I arrived at the site around 5pm, after stopping in a pub to write the previous week's race report (!) It had rained on and off all afternoon but was lovely from the moment I arrived.  I got my tent set up straight away and then wandered over to the 'race village'.
I picked up my race number from the very friendly folks in the tent, laughed at how I'd mistakenly thought this race was by the seaside and brought my swimming costume (I was mixing it up with another of their races, Run Jurassic) and scouted out the scene.  There were a variety of hot food stands, a bar, hot showers, a water point and plenty of clean toilets.  Excellent.
I went back to the car, sorted out all my race stuff ready for the next day and then went and got some food and a beer.  I joined a girl with pink hair sitting at one of the tables and we ended up chatting for a couple of hours.  Her name was Lucy, she'd run lots of White Star races before including the half marathon version of this race last year and enjoyed it so much she was doing the full this time.  By the time I left the tent it was getting dark, but sleeping on site meant I didn't need to get up until 8am which is a 2 hour lie in for me! 

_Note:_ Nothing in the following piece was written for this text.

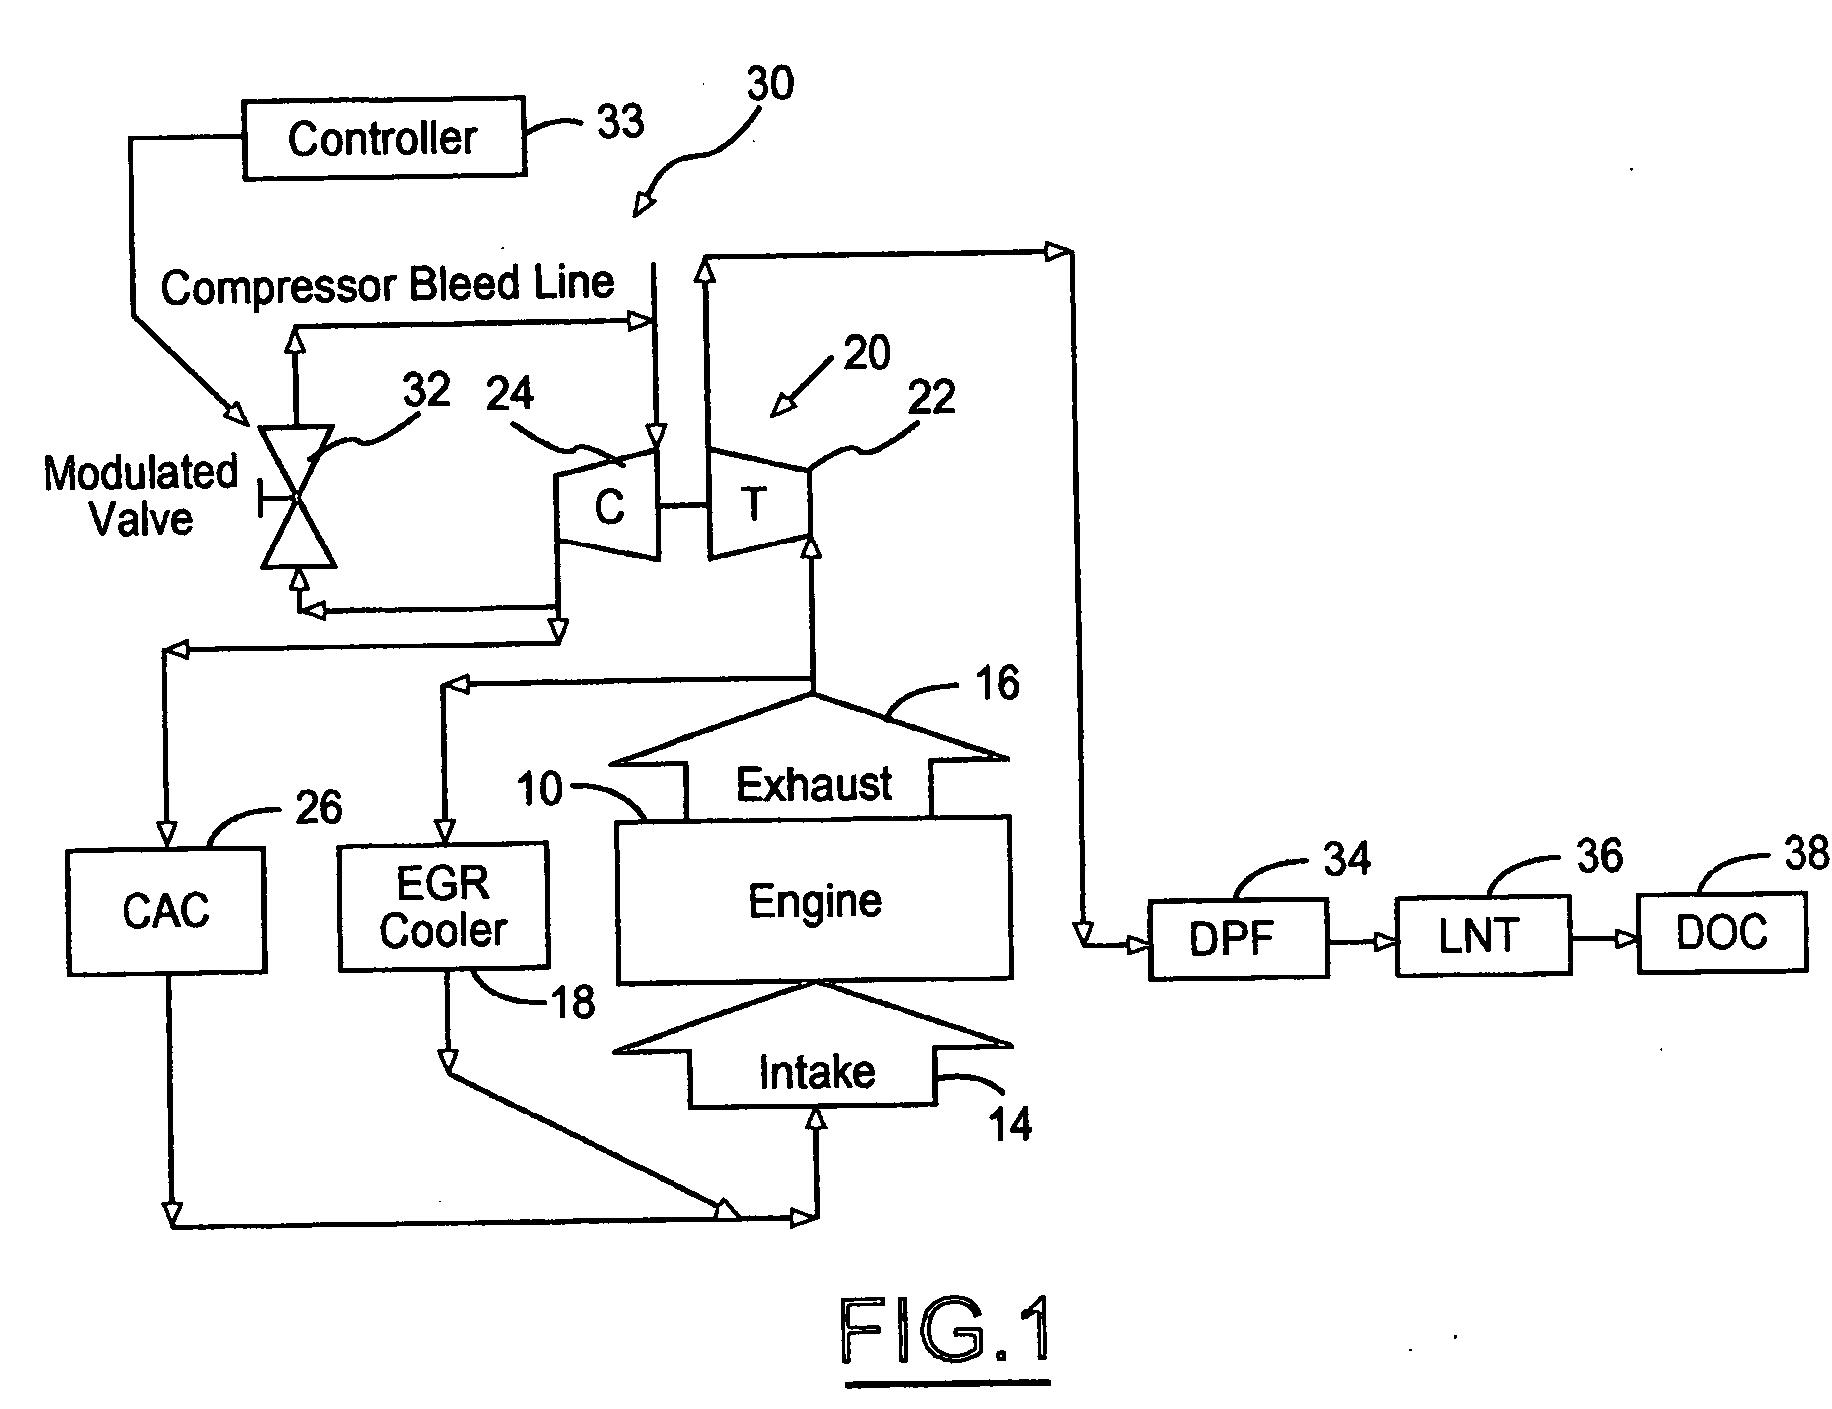 Method for controlling engine air/fuel ratio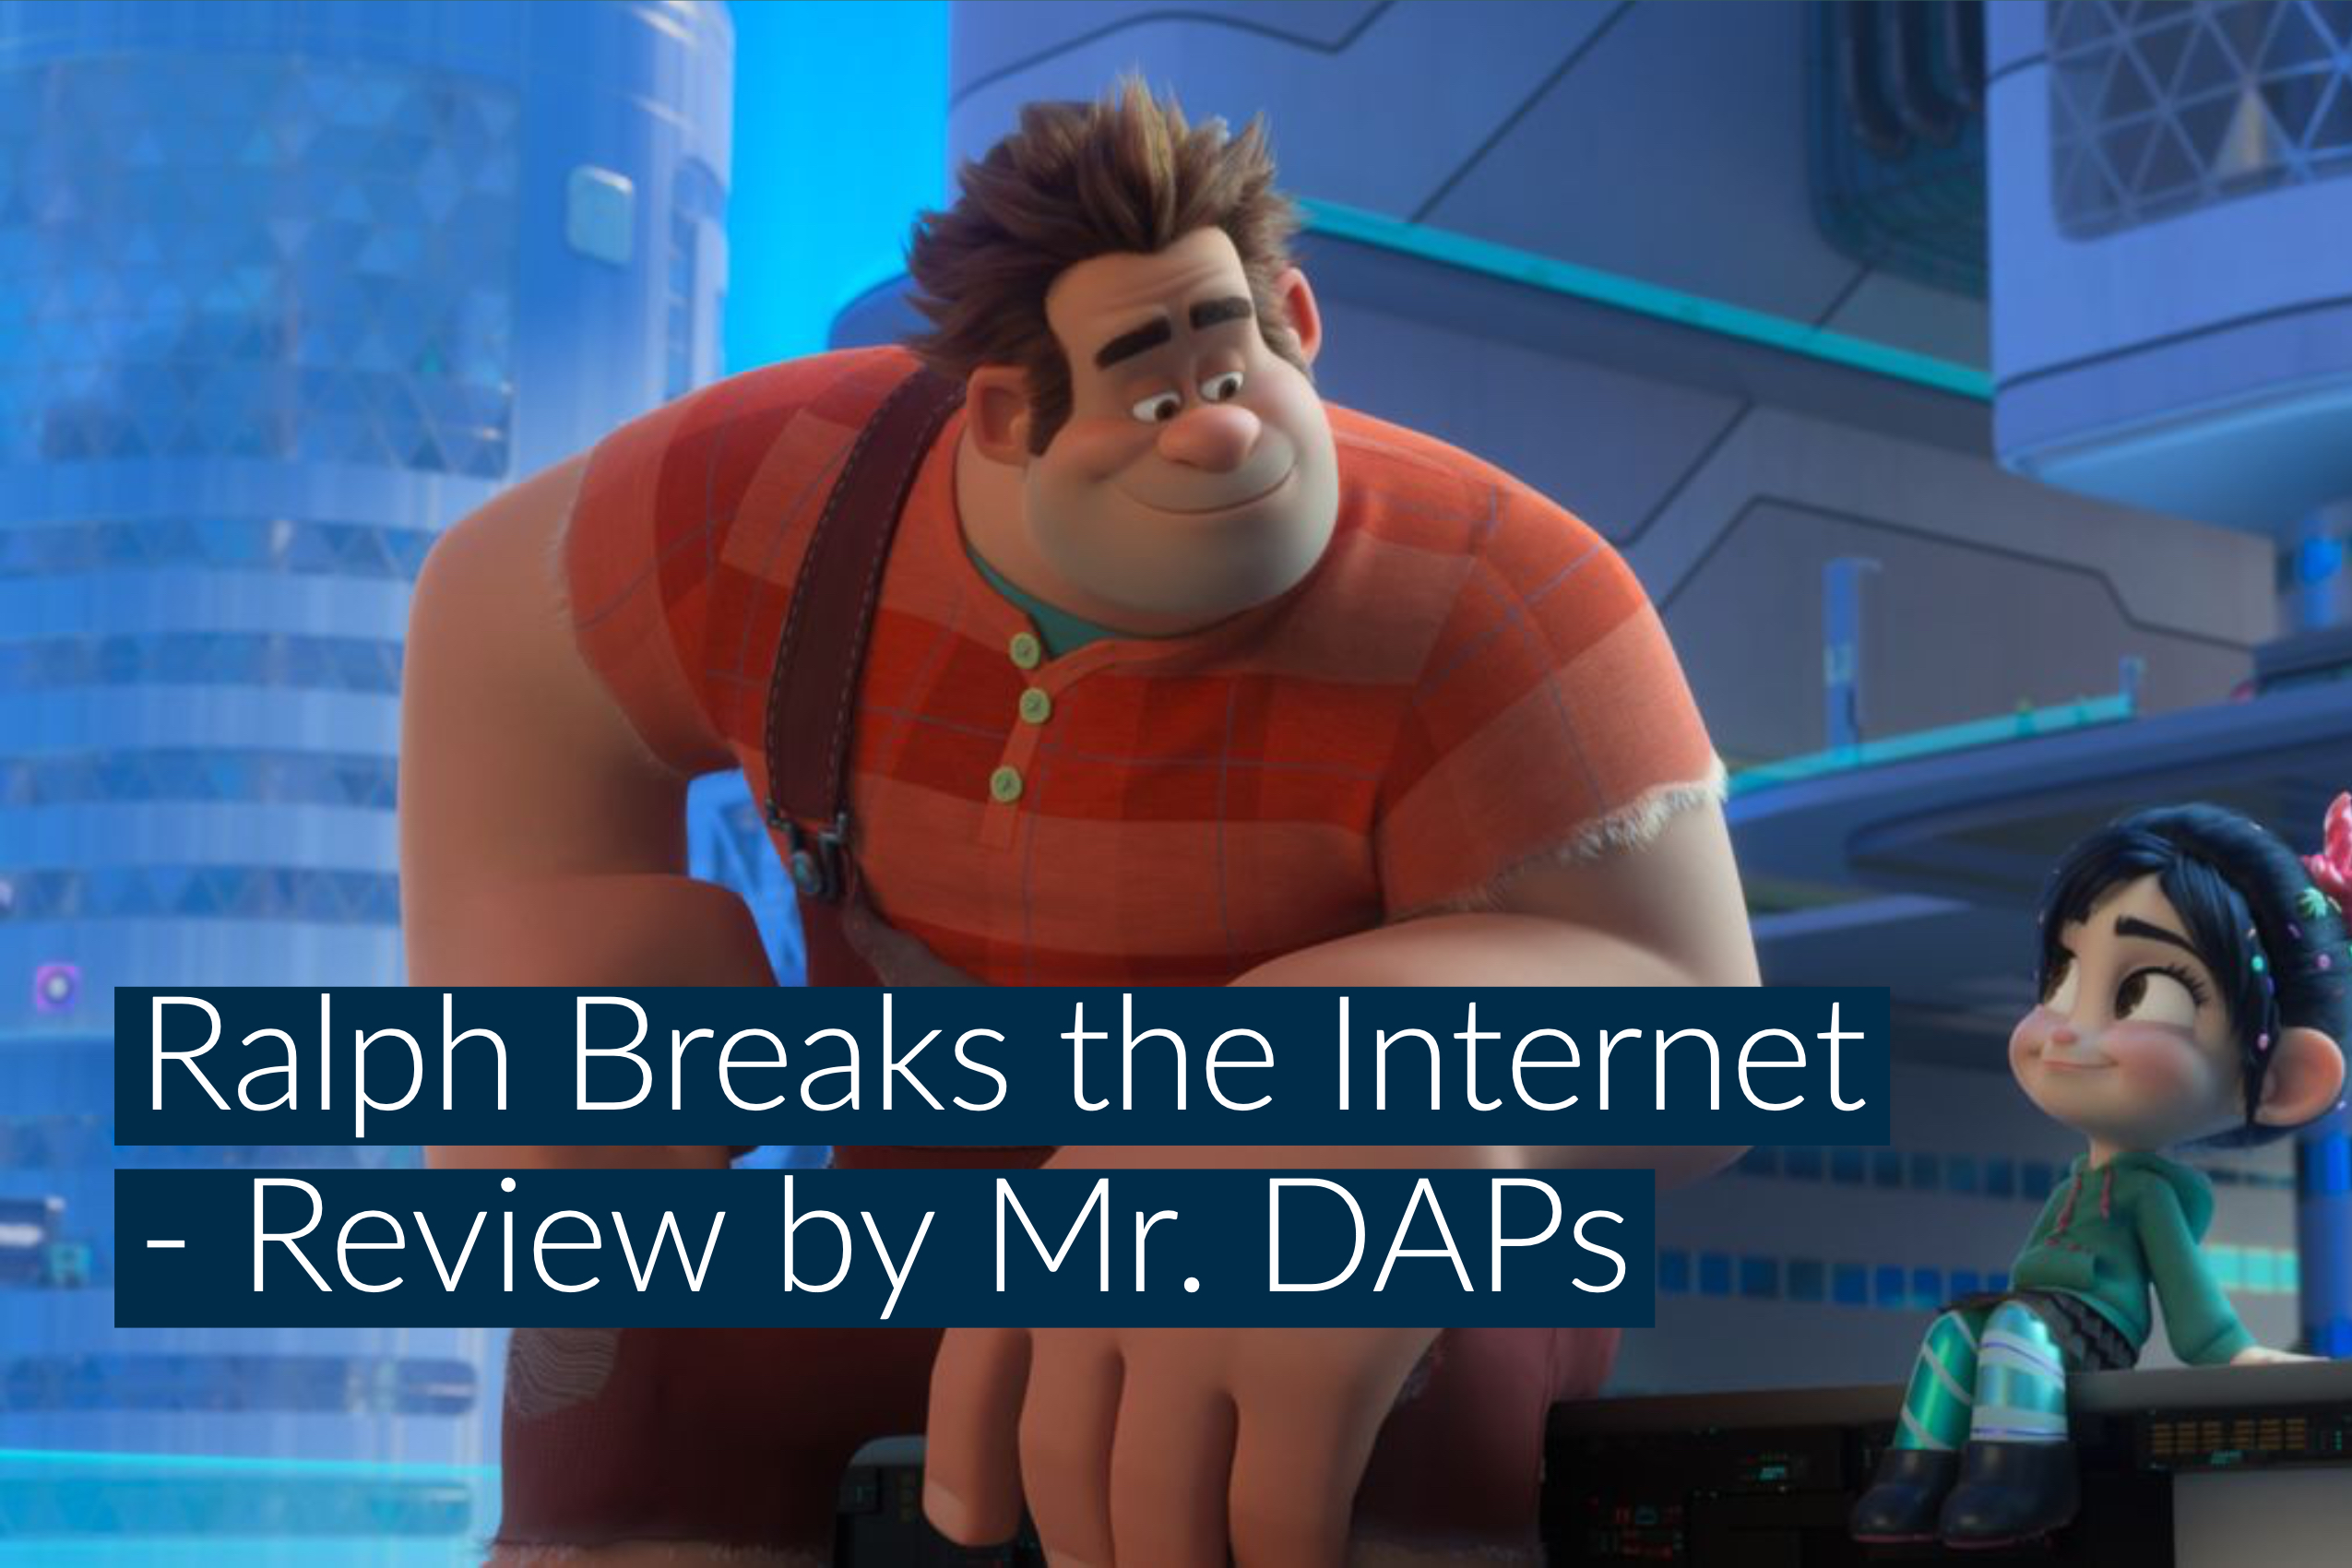 Disney’s Ralph Breaks the Internet – A Heartwarming Tale of Friendship and Dreams – Review by Mr. DAPs

Next morning I paid £20 for breakfast, lunch and dinner from the food stands as there was so much choice and the food was all great.  I got my stuff together and headed down to the start line.  The race was yet another 2 loop course - regular readers will know I love these.
Shortly after setting off, the course very quickly went up a couple of savage hills with overgrown grass and hidden potholes to add to the potential-ankle-breaking fun. 
This hill was called 'Pointless Hill' because it could easily be avoided by running along the road.  However up we went, and down the other side.  I loved the downhill which was steep and technical and I overtook a dozen people on the way down.  One day I'm inevitably going to face plant due to excess bravado, but I get such a kick out of downhills, it's often the most fun bit of the entire race, and this race had loads of them.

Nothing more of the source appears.